The Presbytery of Philadelphia has submitted an overture (“ On Pursuing a Creative Course of Action”) to the 220th Presbyterian General Assembly calling for “active investment in projects that will support collaboration among Christian, Jews, and Muslims and help in the development of a viable infrastructure for a future Palestinian state”. The overture calls on the GA to reject divestment and other initiatives of the BDS movement.
The rationale to the overture points out that “the long-term-success and effectiveness of any response to the Israeli-Palestinian conflict will require the active participation of both Israelis and Palestinians, including Jews, Muslims, and Christians in the region, the United States, and around the world”. It also calls for “rejecting the targeting of companies who are used as a proxy for Israel, and who would be required to implement policies that are illegal under American law”.
This overture joins overtures from the Presbytery of New Covenant (“On Ethical Investment and Divestment”) and the Presbytery of National Capital (“On Rejecting the Use of Boycott, Divestment, and Sanction”) calling for rejection of the MRTI proposal to divest from 3 companies (Caterpillar, Hewlett Packard, and Motorola Solutions) doing business in Israel. PFMEP strongly concurs with all three of these overtures, and also commends the Presbytery of Chicago for rejecting, by an overwhelming margin, an overture endorsing the MRTI divestment proposal.
The United Methodist Church’s 2012 General Conference, held this month in Tampa, Florida, rejected a proposal to divest from three U.S. companies doing business with Israel (Caterpillar, Hewlett Packard, and Motorola Solutions). Divestment was rejected by a more than 2 to 1 vote of the plenary. The Conference instead urged advancement of “serious peacemaking strategies in Israel and Palestine including positive economic and financial investment in Palestine”.
The divestment proposal put before the UMC General Conference was similar to a proposal for divestment in the same three companies that will be up for consideration at the 220th Presbyterian General Assembly this summer in Pittsburgh. Advocates of the BDS (Boycott, Divest, Sanction) movement are promoting divestment in an apparently collaborative campaign.

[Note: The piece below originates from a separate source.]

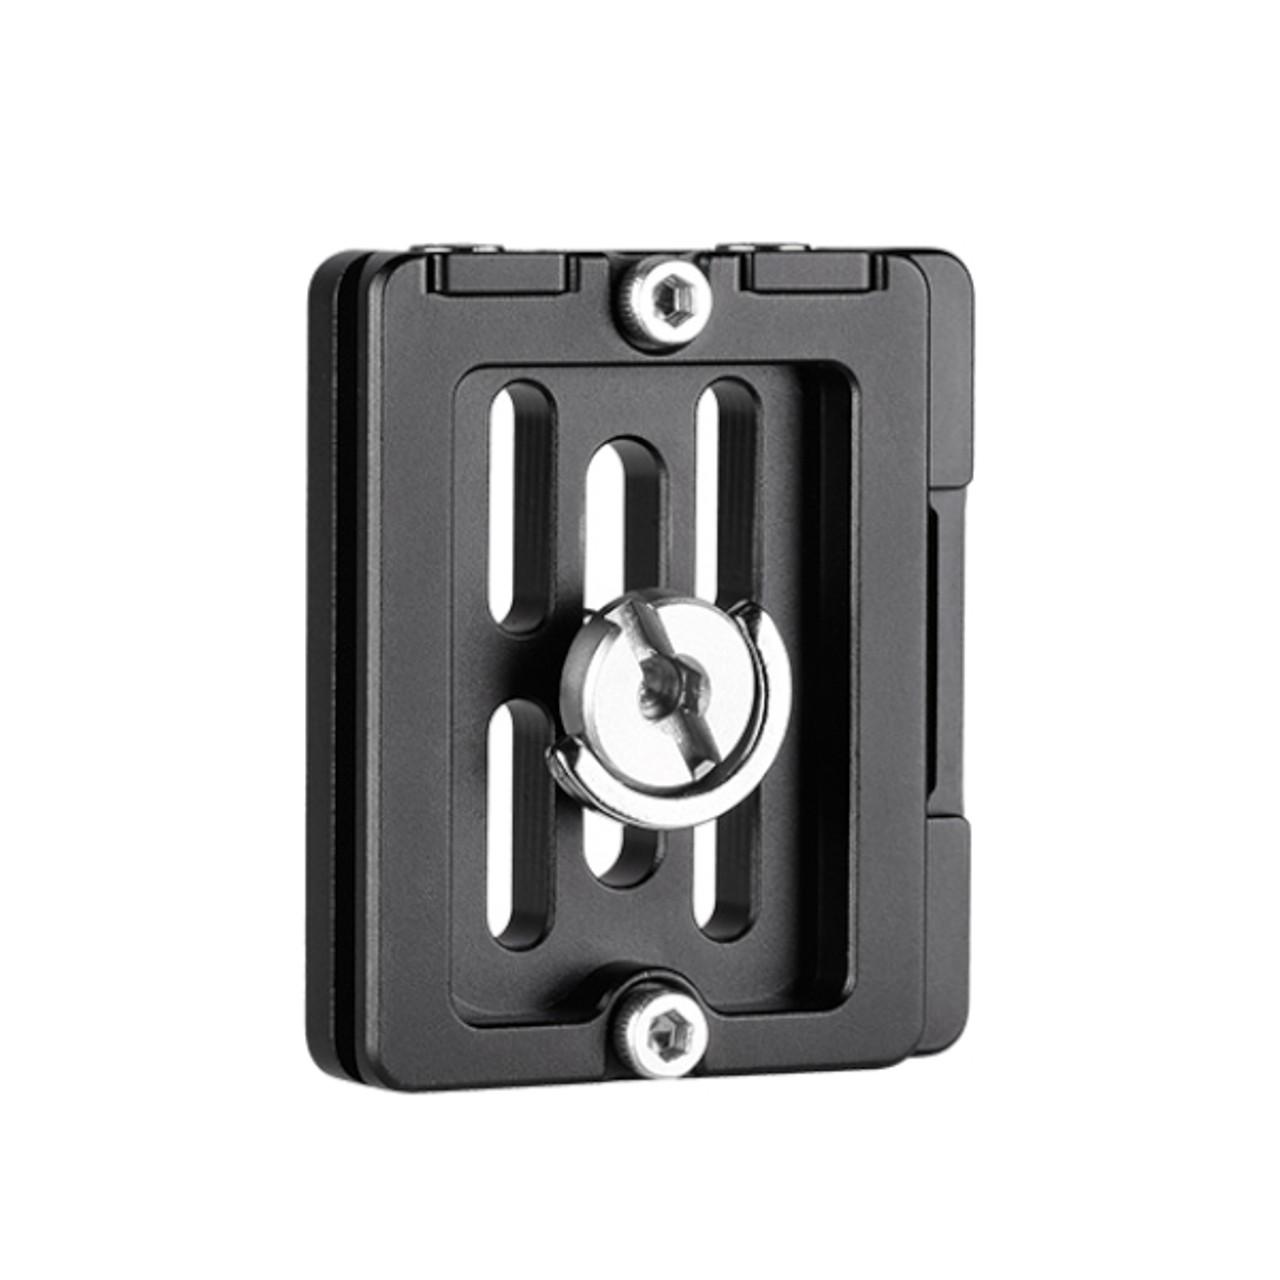 Leofoto NP-50 Adjustable Quick-Release Plate

The UMC General Conference also struck language that would have affirmed the controversial Kairos Palestine document, opting instead for language that acknowledges the need to hear diverse voices. In a separate action, the Conference recognized the legitimate security concerns of the people of Israel with a statement that “Since its creation, Israel has faced armed resistance that refuses to acknowledge Israel's right to exist”.
The UMC statement regarding the threats faced by the people of Israel is particularly significant. Israel-targeted divestment proposals almost universally avoid discussion or recognition of Israel’s legitimate security concerns, the existence of armed groups actively pursuing Israel’s destruction, and the ongoing efforts of extremist Palestinian groups to attack and kill Israeli civilians. The Palestinian group Hamas, which seized control of the Gaza Strip in 2007 following Israel’s unilateral withdrawal from Gaza in 2005, and Hezbollah, operating in Southern Lebanon, are the two most prominent opponents calling for Israel’s destruction and both are provided with weapons by Iran. The leaders of Iran, in turn, speak openly of “wiping Israel off the face of the Earth”.
Our group, Presbyterians for Middle East Peace, strongly endorses the PC(USA)’s support for a two-state solution in Israel/Palestine that recognizes the rights, aspirations, and obligations of both Palestinians and Israelis. We oppose initiatives, such as divestment, that refuse to acknowledge the proven and legitimate security concerns of the people of Israel, and instead place demands on Israel without regard to the realities of violent groups committed to the destruction of the Jewish state. We strongly endorse Palestinian efforts aimed at discouraging violence, establishing the rule of law, embracing peaceful coexistence with neighbors, and building a liberal democracy for the Palestinian people. The success of such efforts is essential for peace to be realized and a Palestinian state to be established and recognized.